# THE PROBLEM
Give back exactly the lines from the one holding "Aluminium Bahrain (Alba)" to the bottom of the material, both included, and nothing more. No pictures.

# PROVIDED MATERIAL
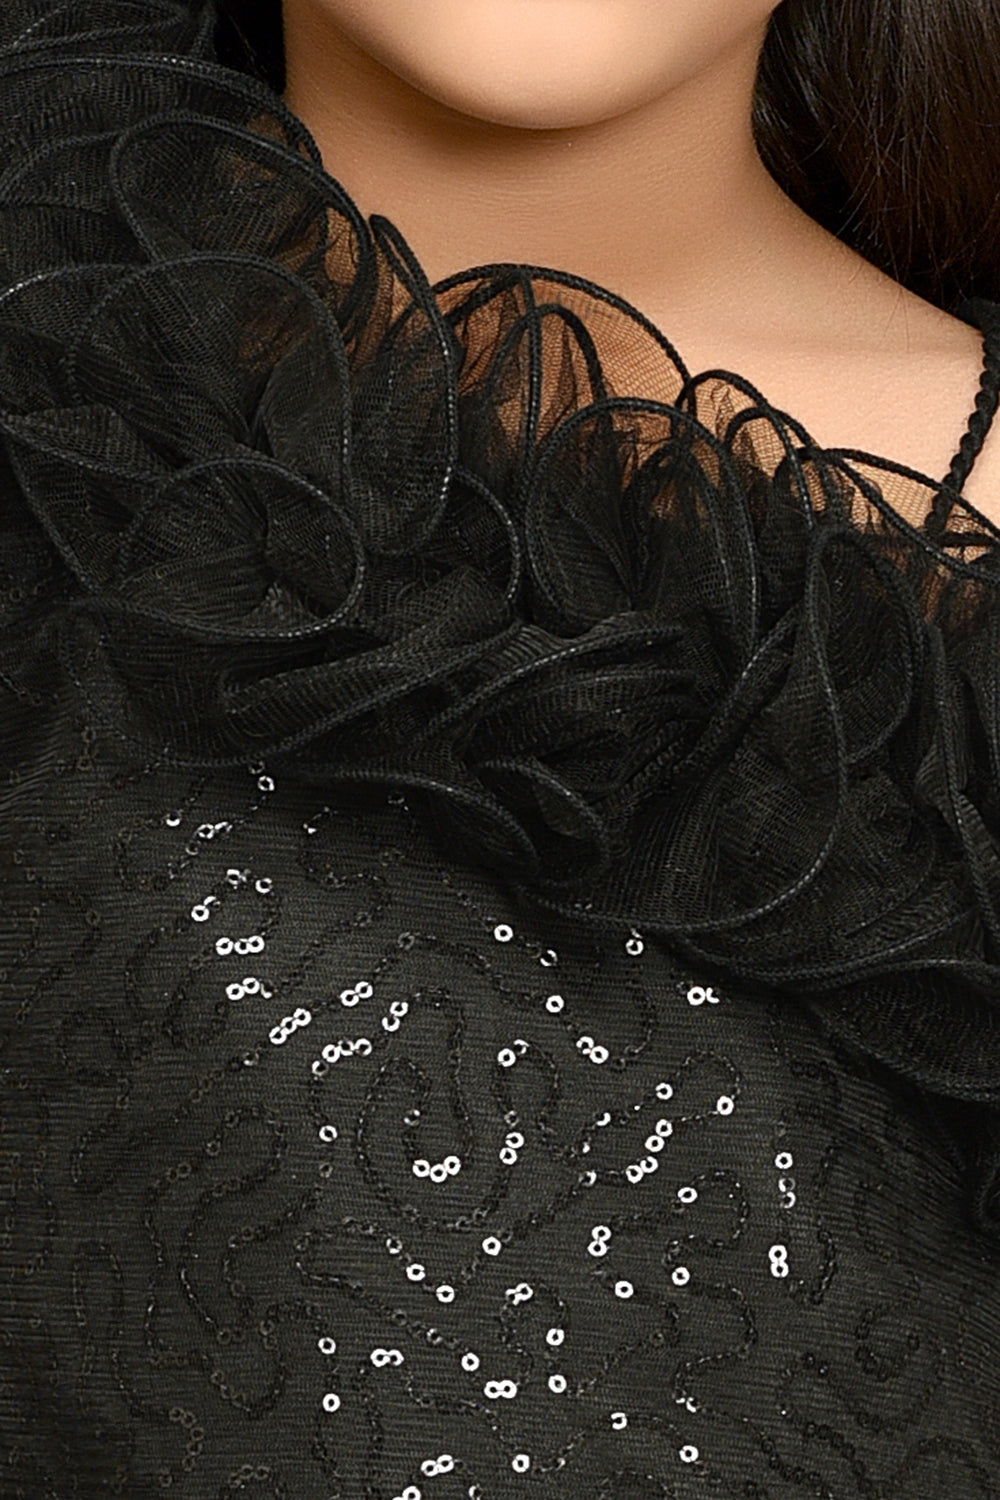 Sequined Aline Ruffled Dress -Black
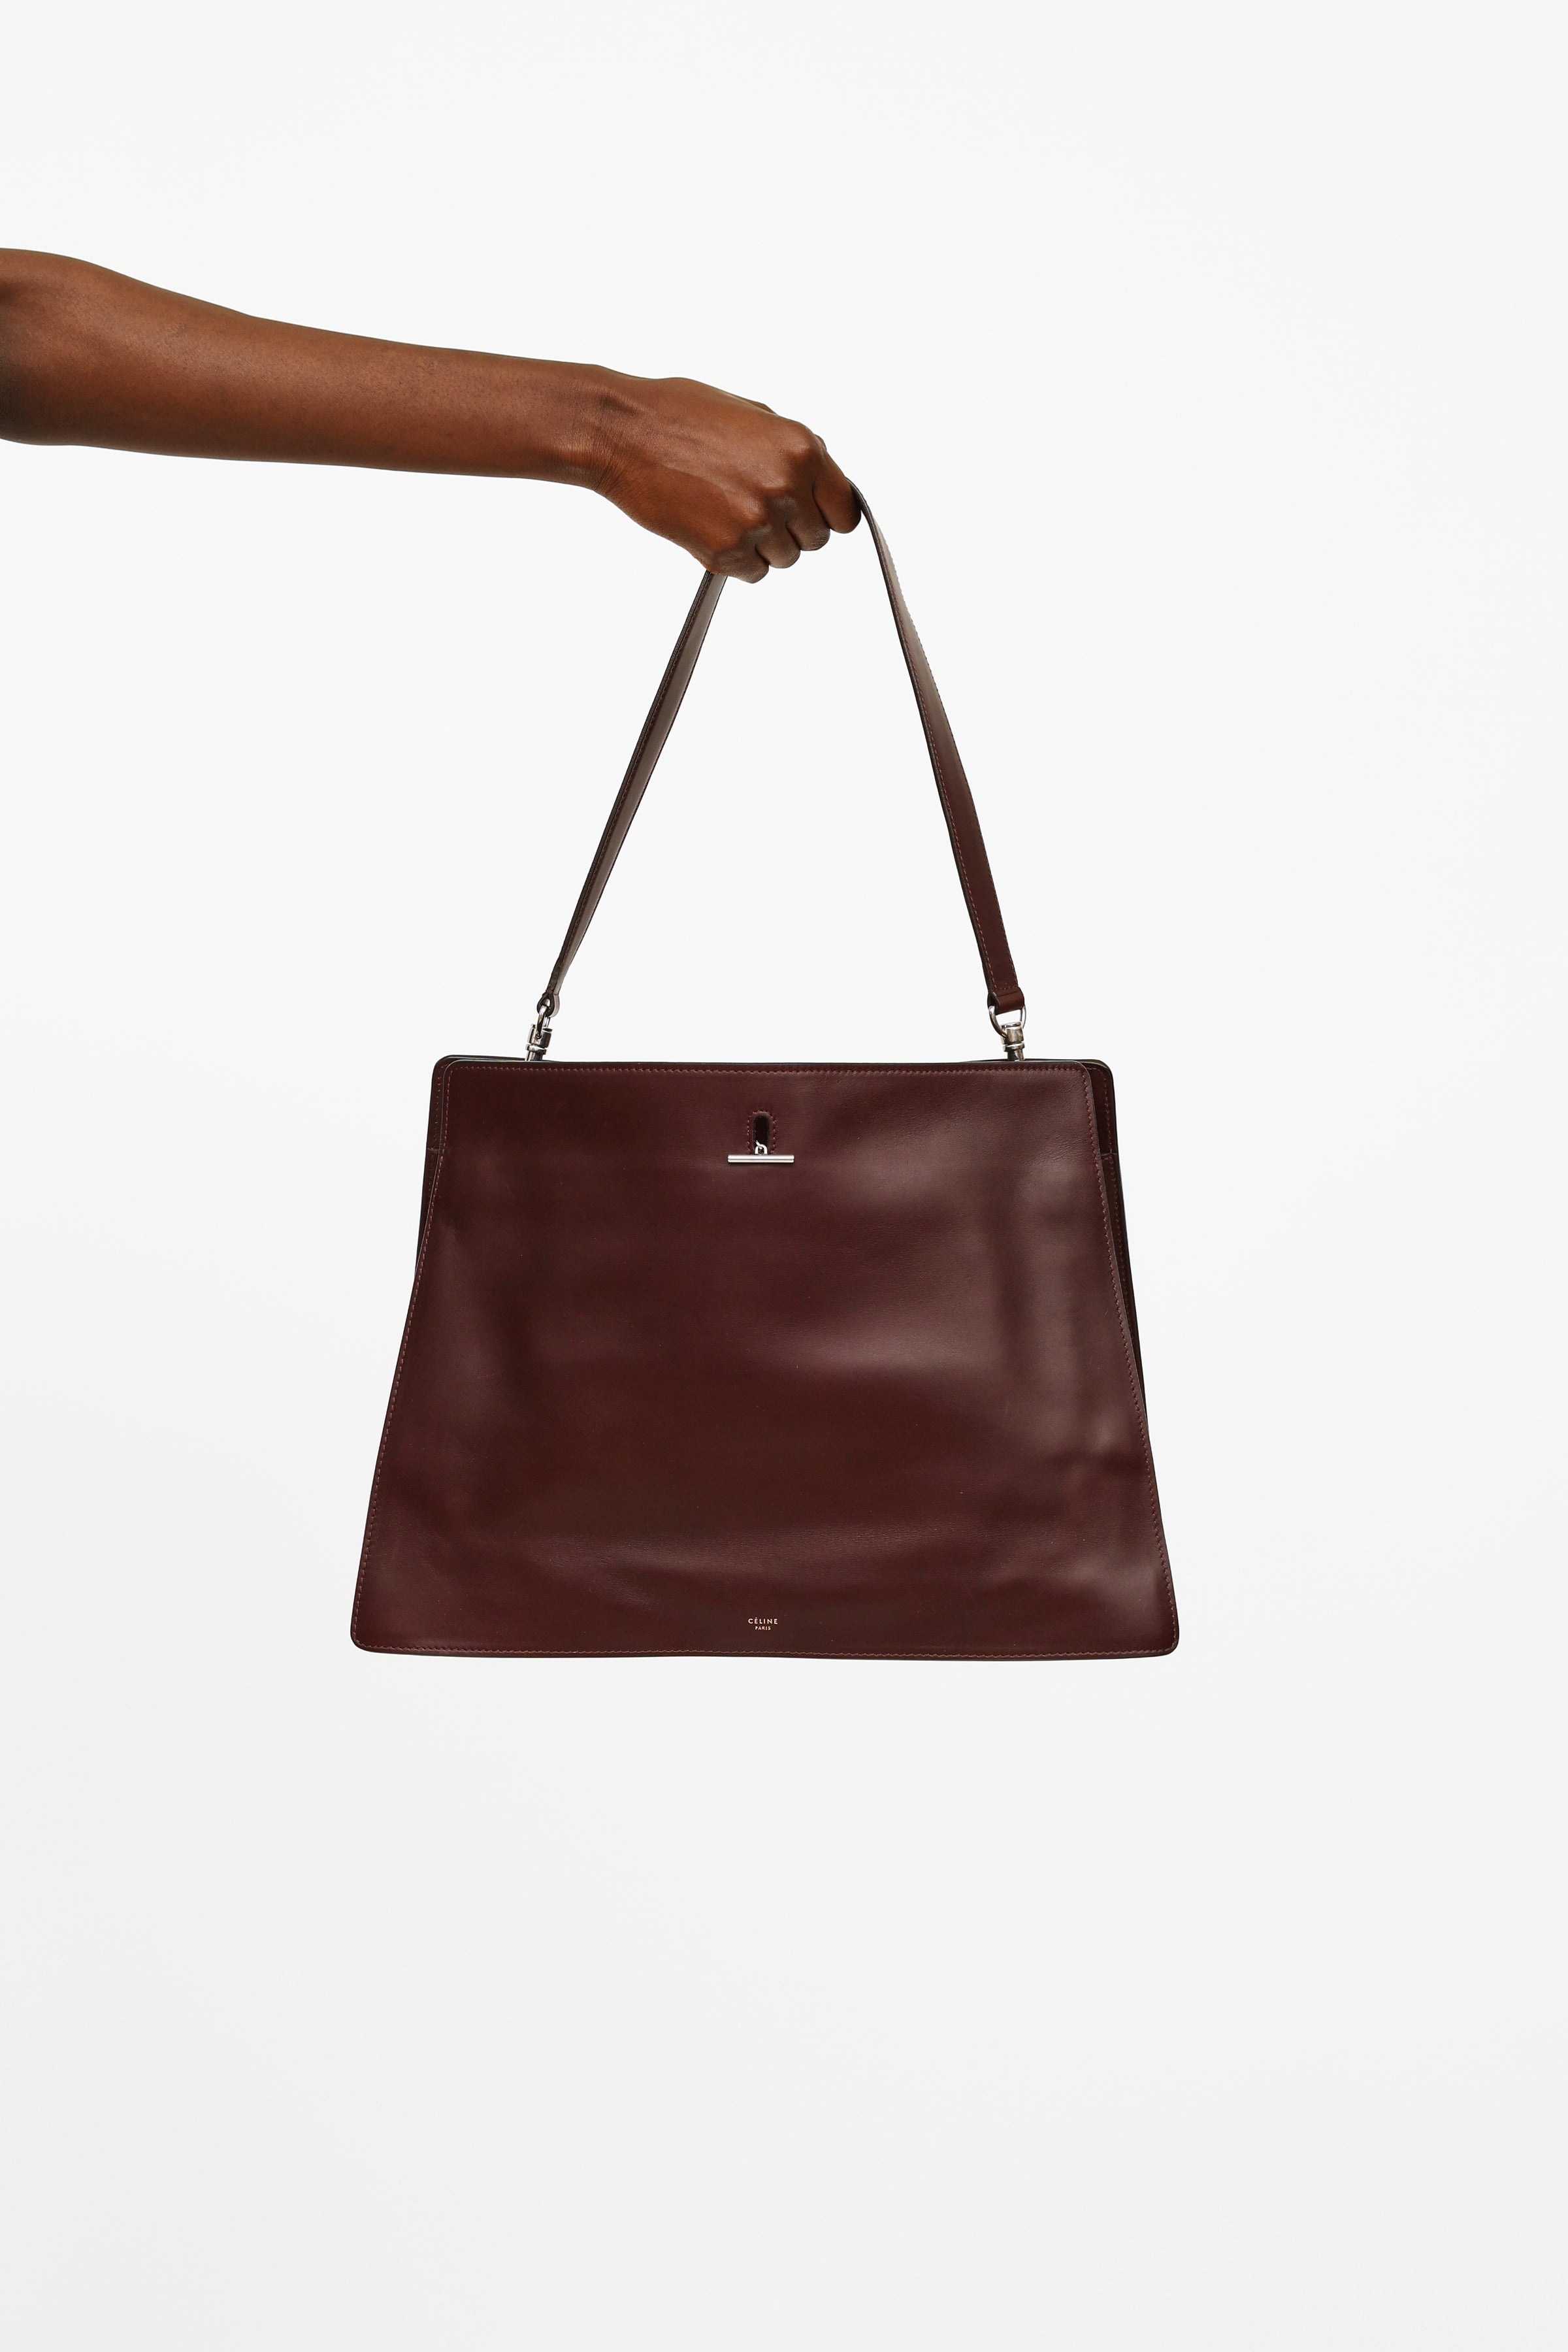 Ring leather handbag Celine Burgundy in Leather - 27682698
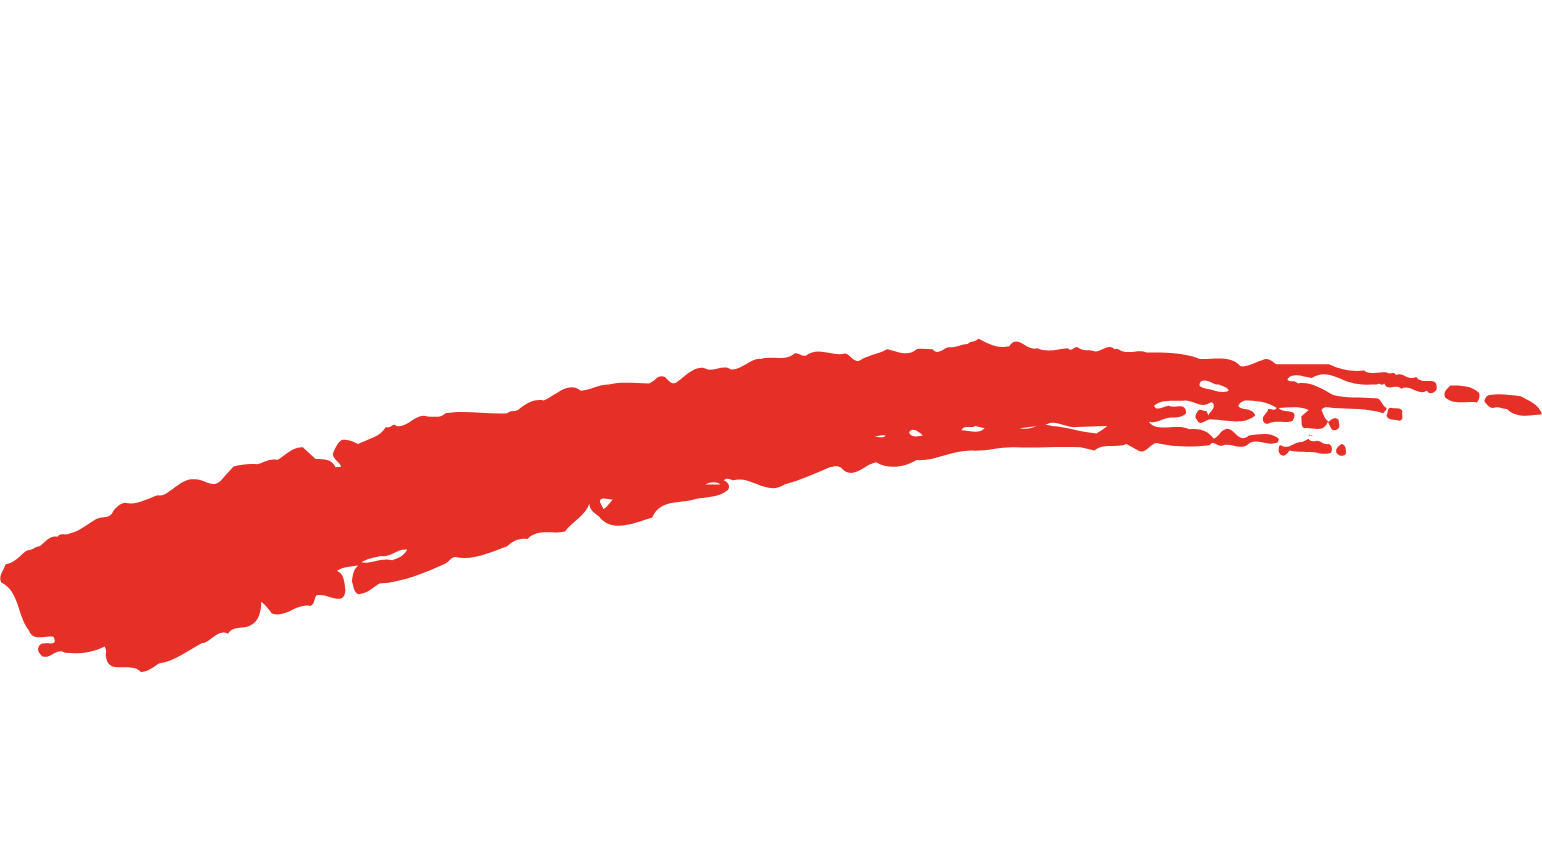 Aluminium Bahrain (Alba) logo large for dark backgrounds (transparent PNG)
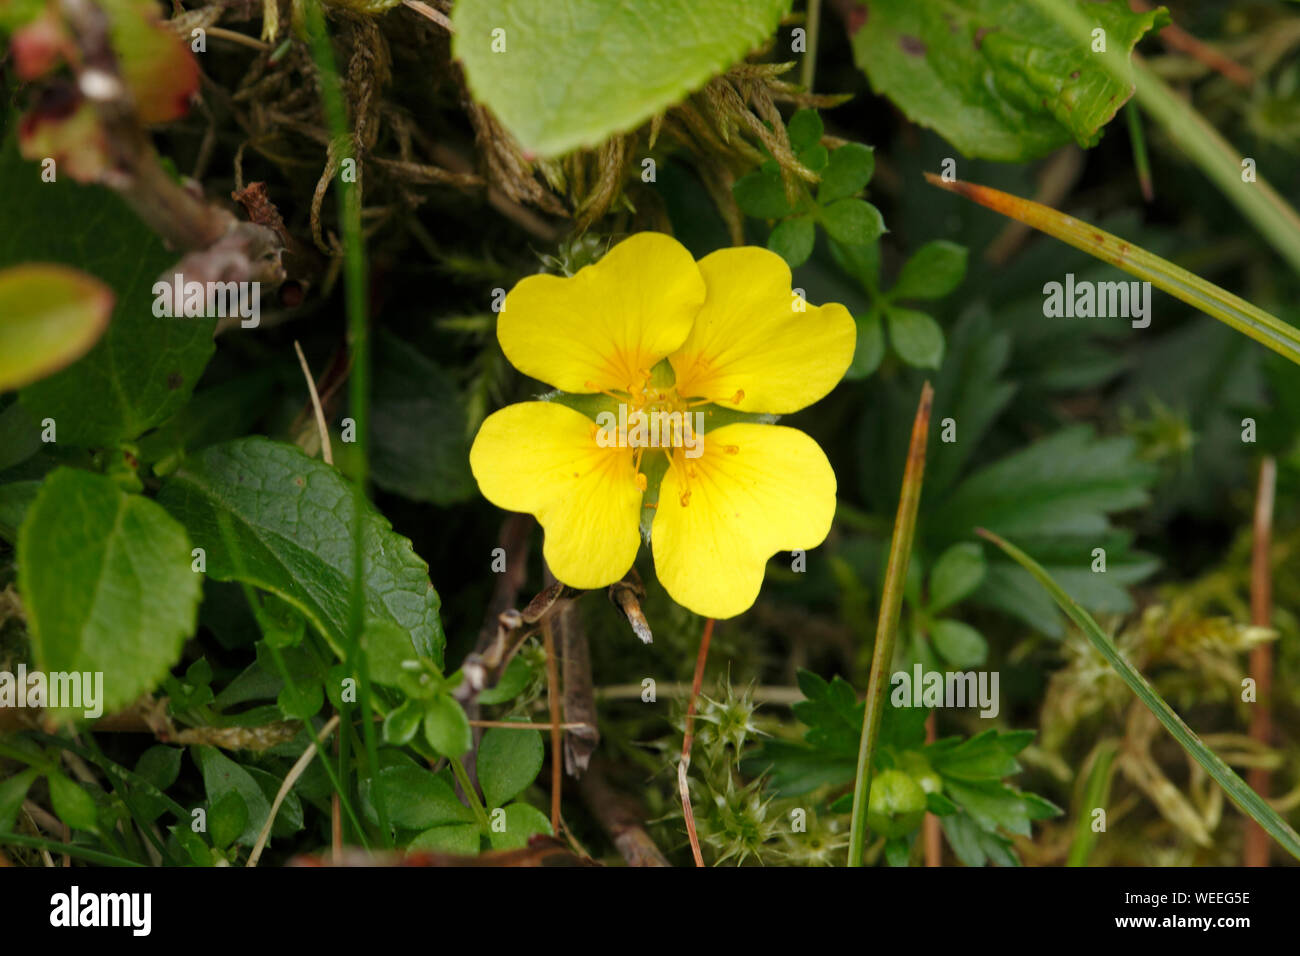 Potentilla erecta Tormentil. British wildflower. Stock Photo

# SOLUTION BELOW
 Aluminium Bahrain (Alba) logo large for dark backgrounds (transparent PNG)
 Potentilla erecta Tormentil. British wildflower. Stock Photo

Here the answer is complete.